Exercise goal
The range runs from the line containing "ES20006.1 - ESPAGNE" to the last line of the entries. Restate those lines word for word, without the pictures.

[Records drawn from a dataset]

[Start of Attachment]

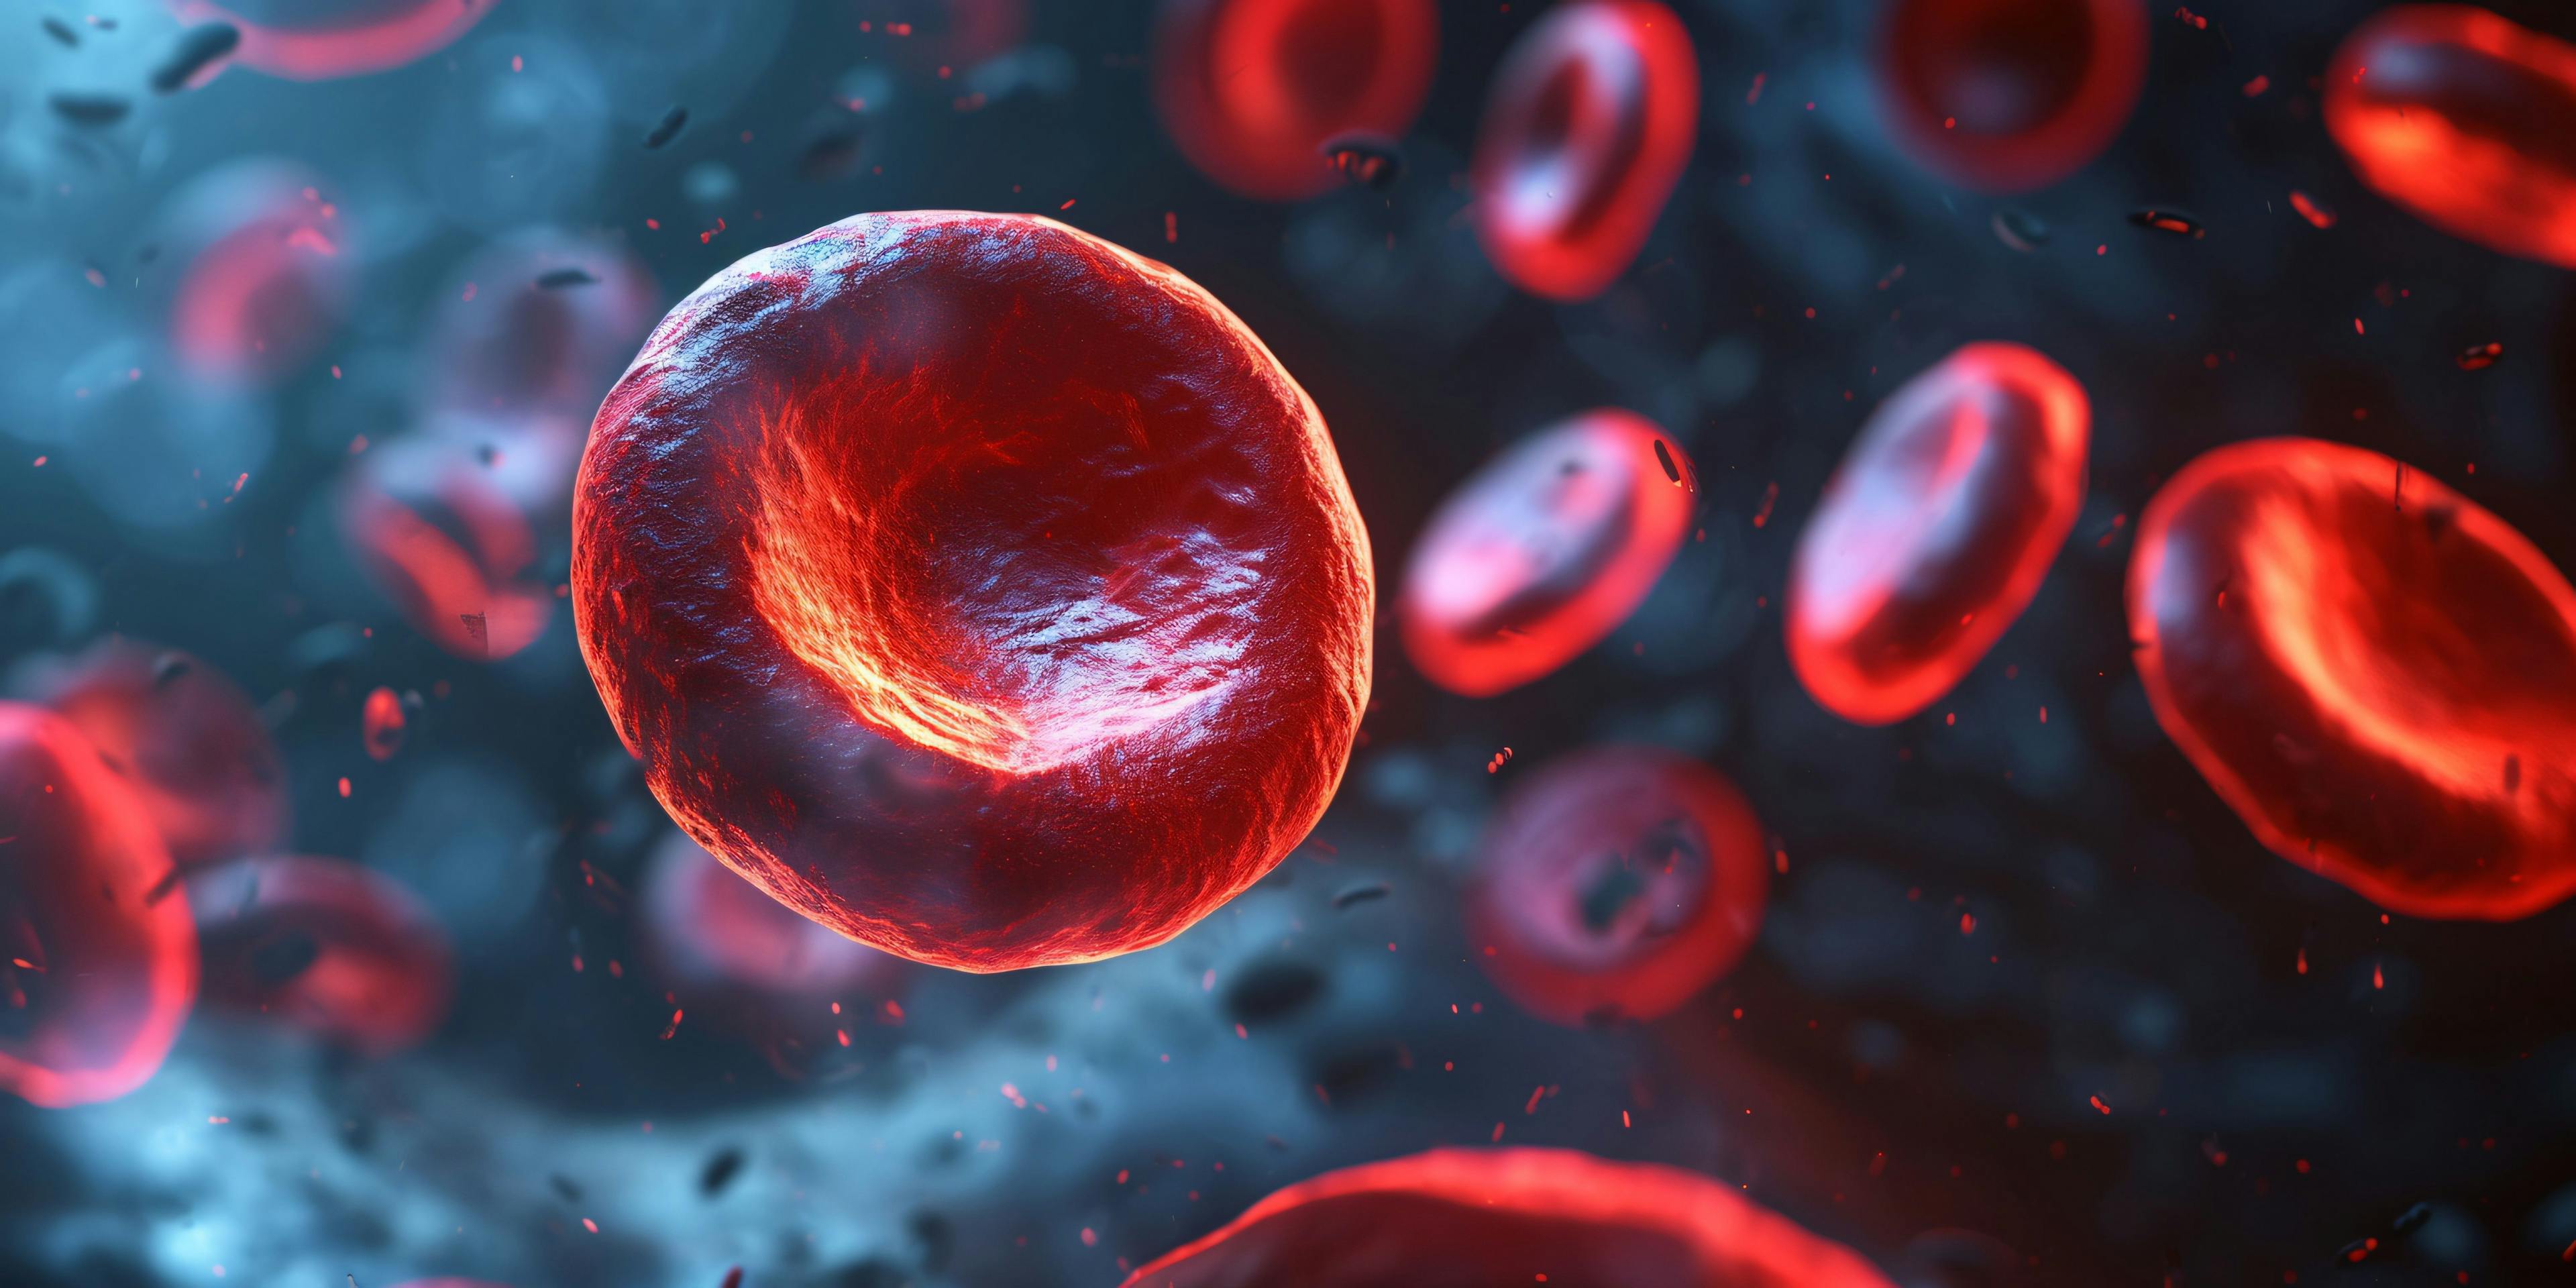 Red Blood Cell Model | image credit: Bipul Kumar - stock.adobe.com
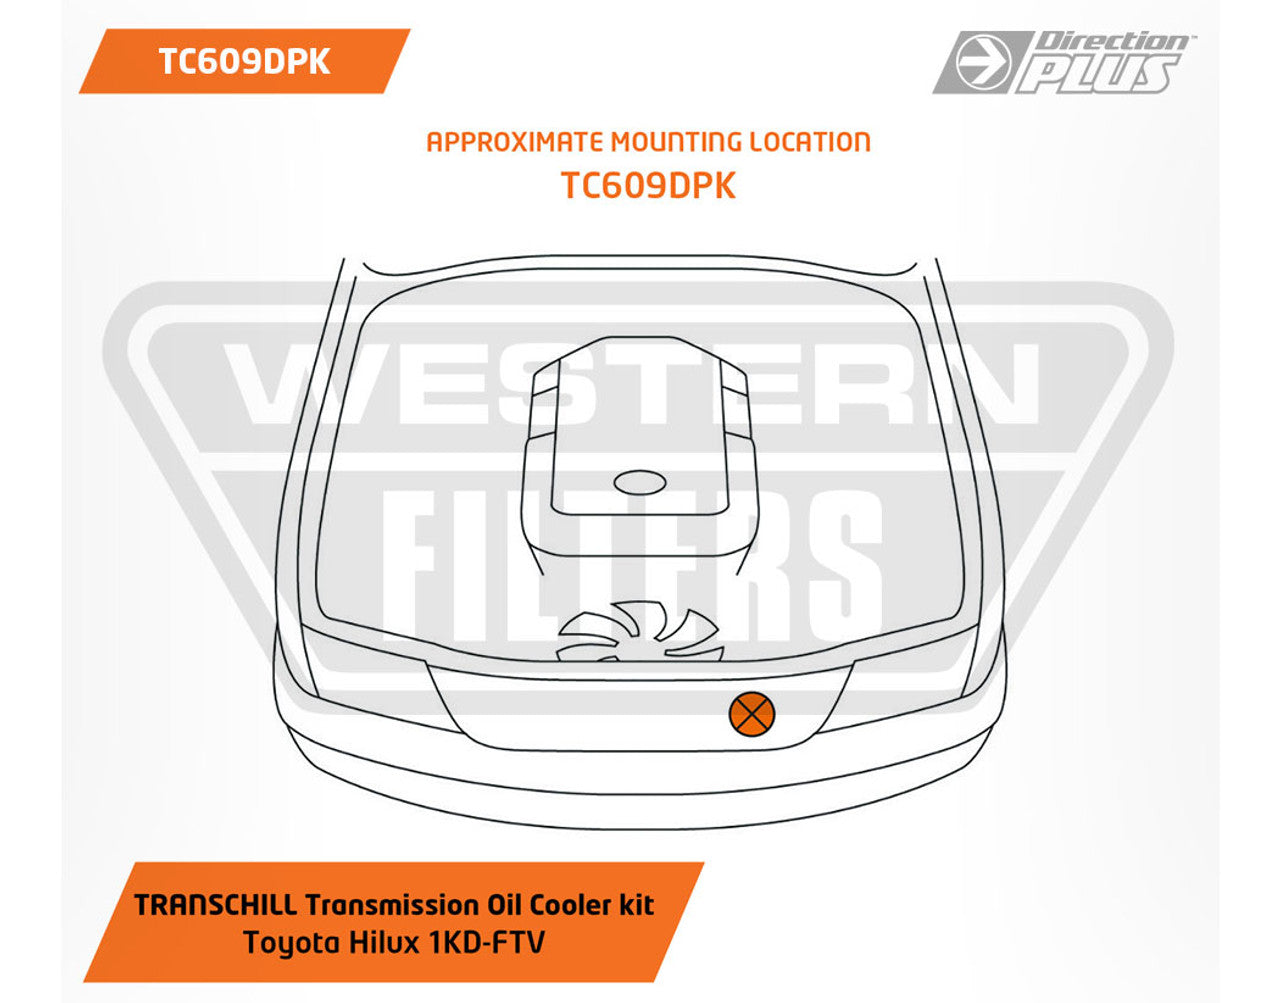 TC609DPK Transmission Cooler Kit for Toyota Hilux 2004-18 1KD-FTV / 2009-15 1GR TransChill
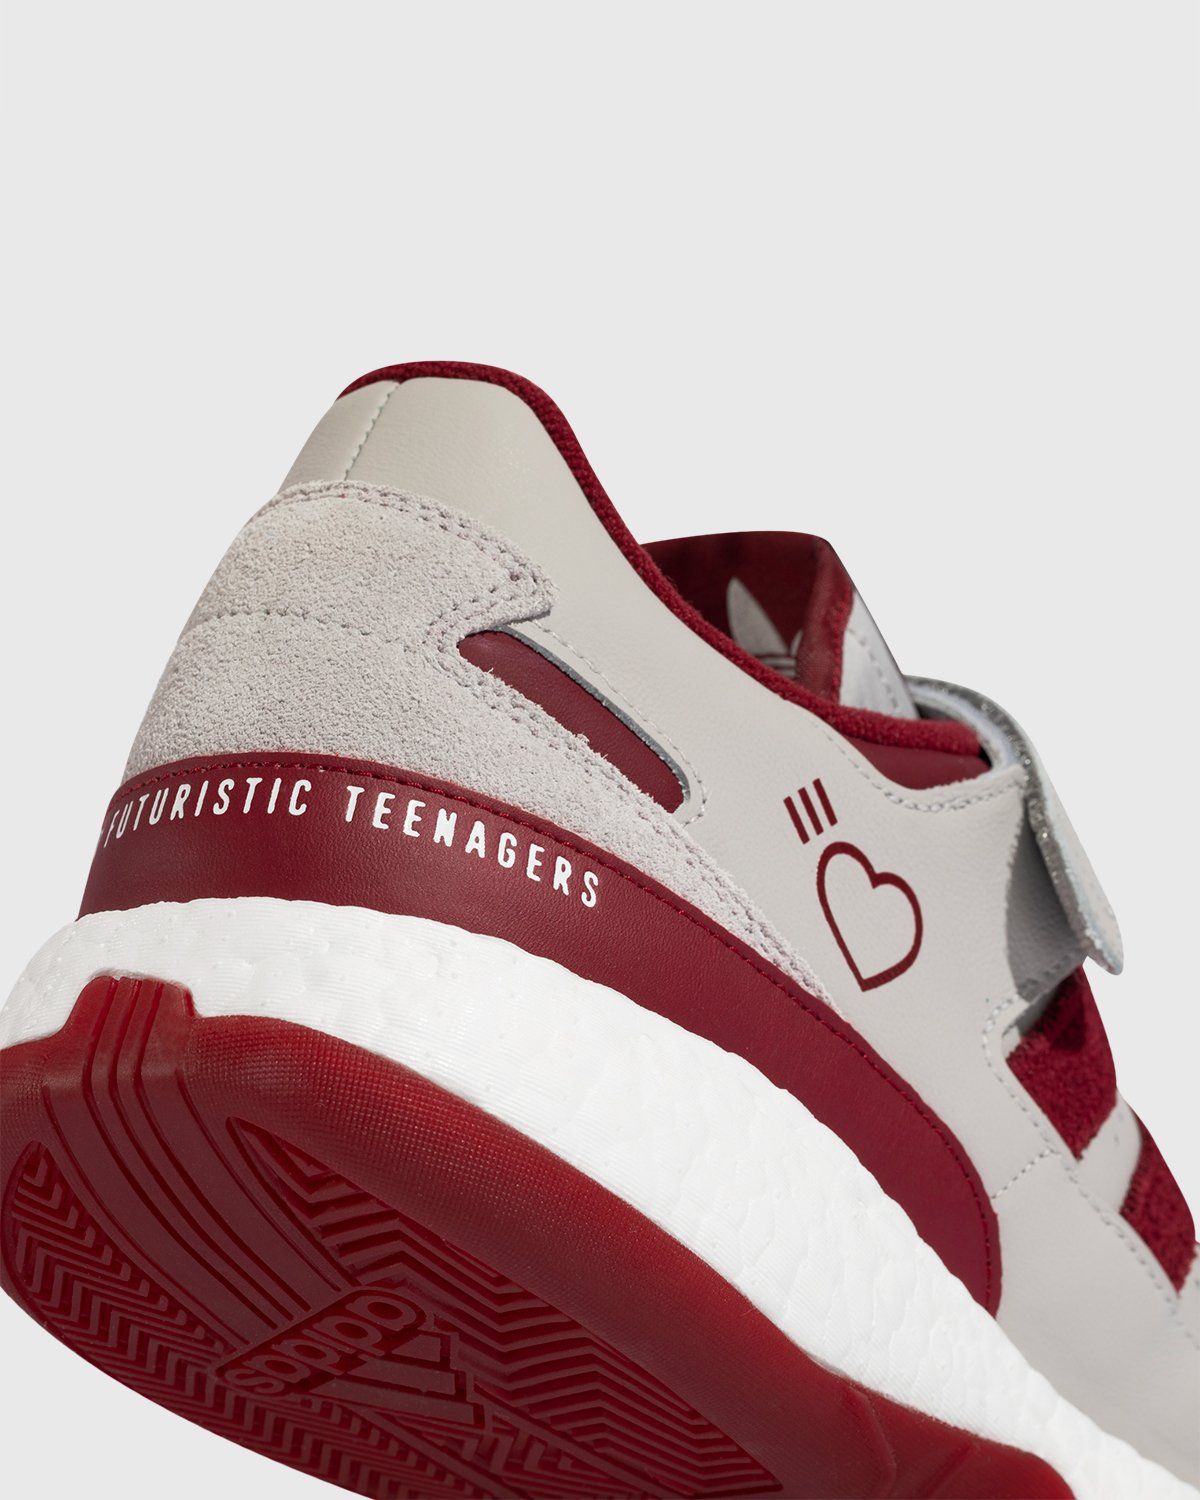 adidas Originals x Human Made – Forum Low Burgundy - Low Top Sneakers - Grey - Image 3
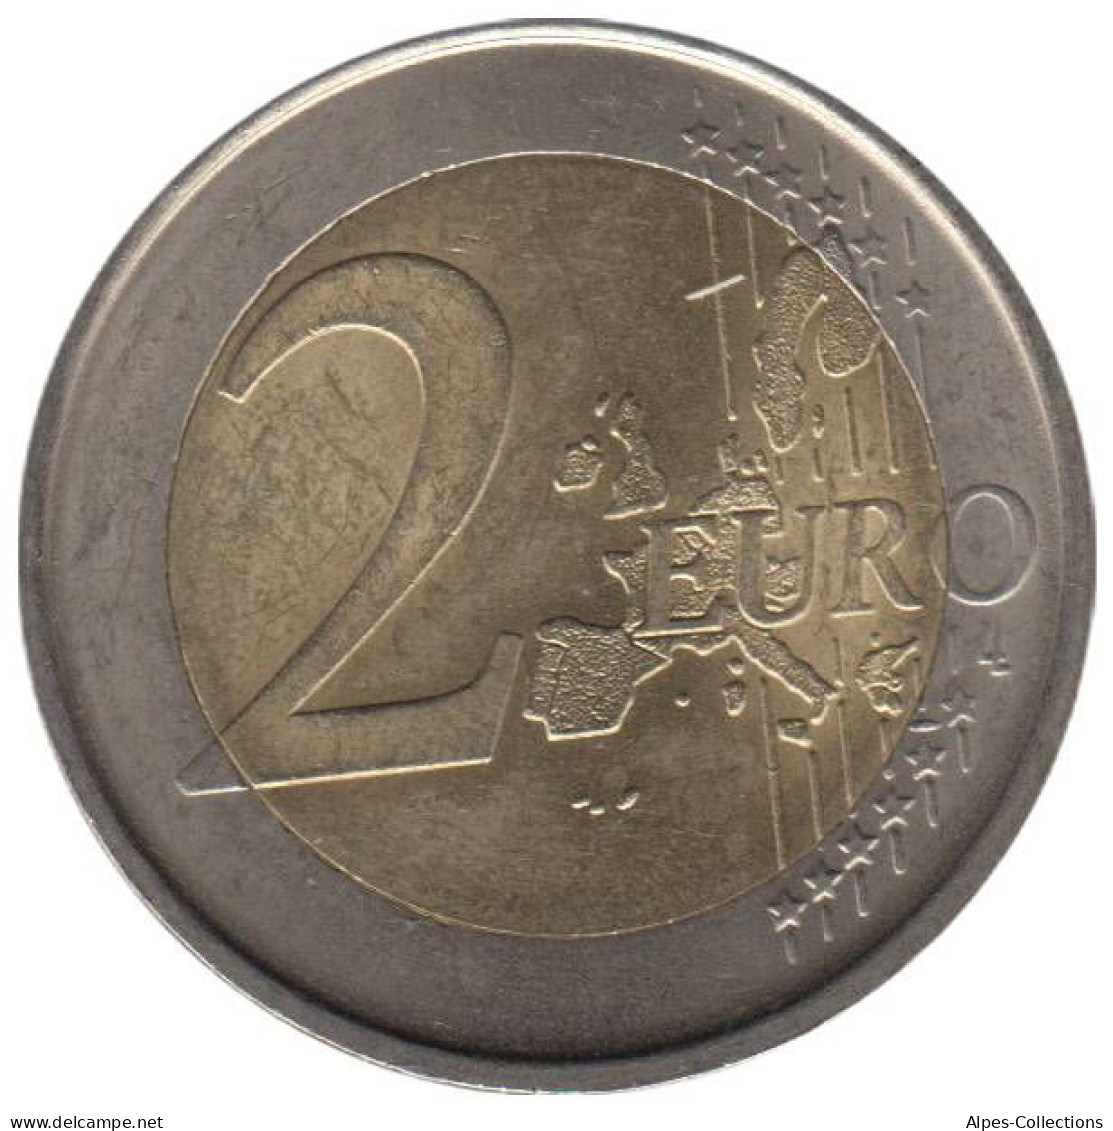 ES20006.1 - ESPAGNE - 2 Euros - 2006 - España
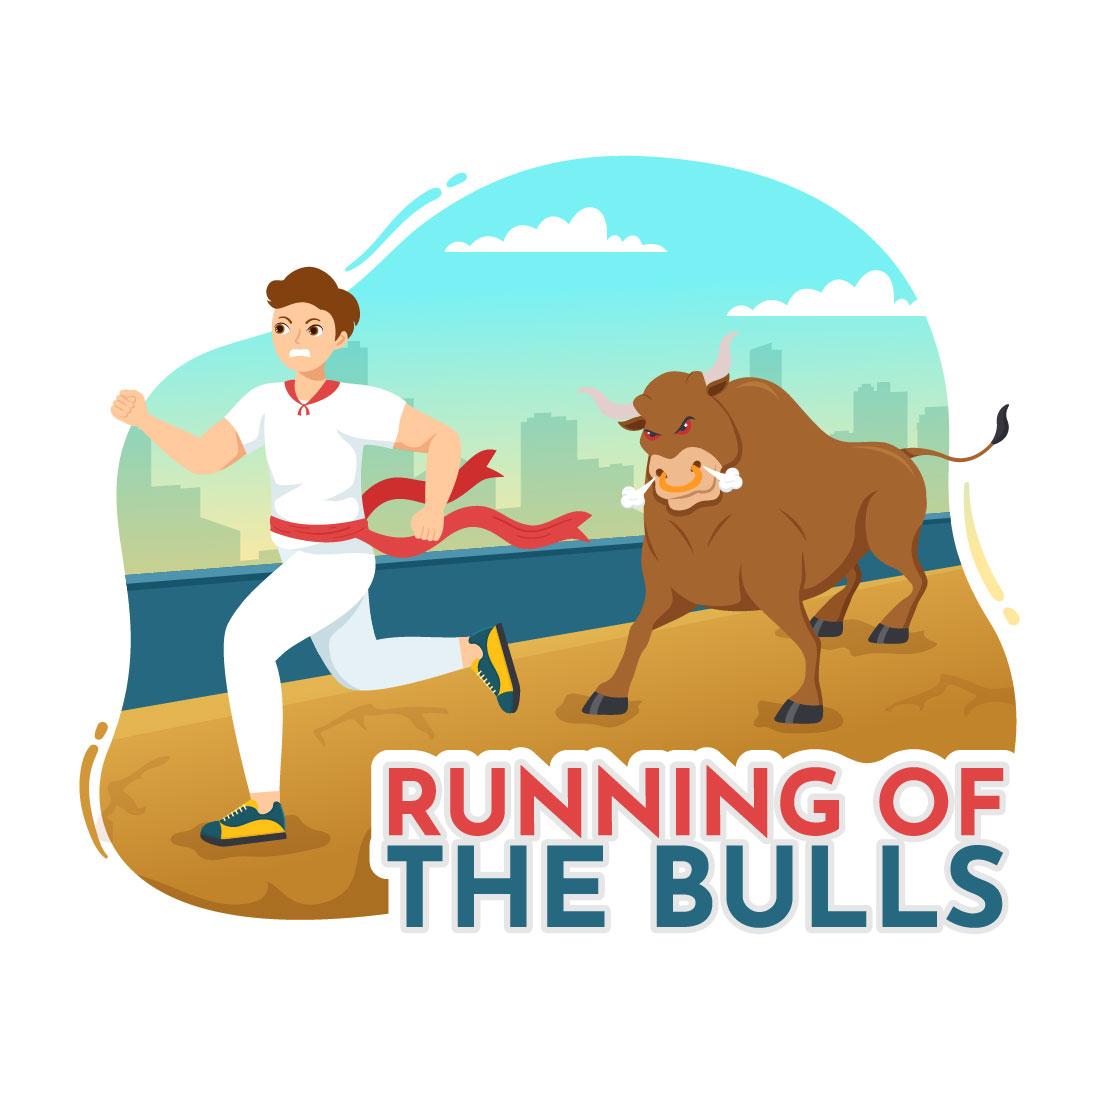 10 Running of the Bulls Illustration cover image.

[End of Attachment]

Output for this task
 ES20006.1 - ESPAGNE - 2 Euros - 2006 - España
 10 Running of the Bulls Illustration cover image.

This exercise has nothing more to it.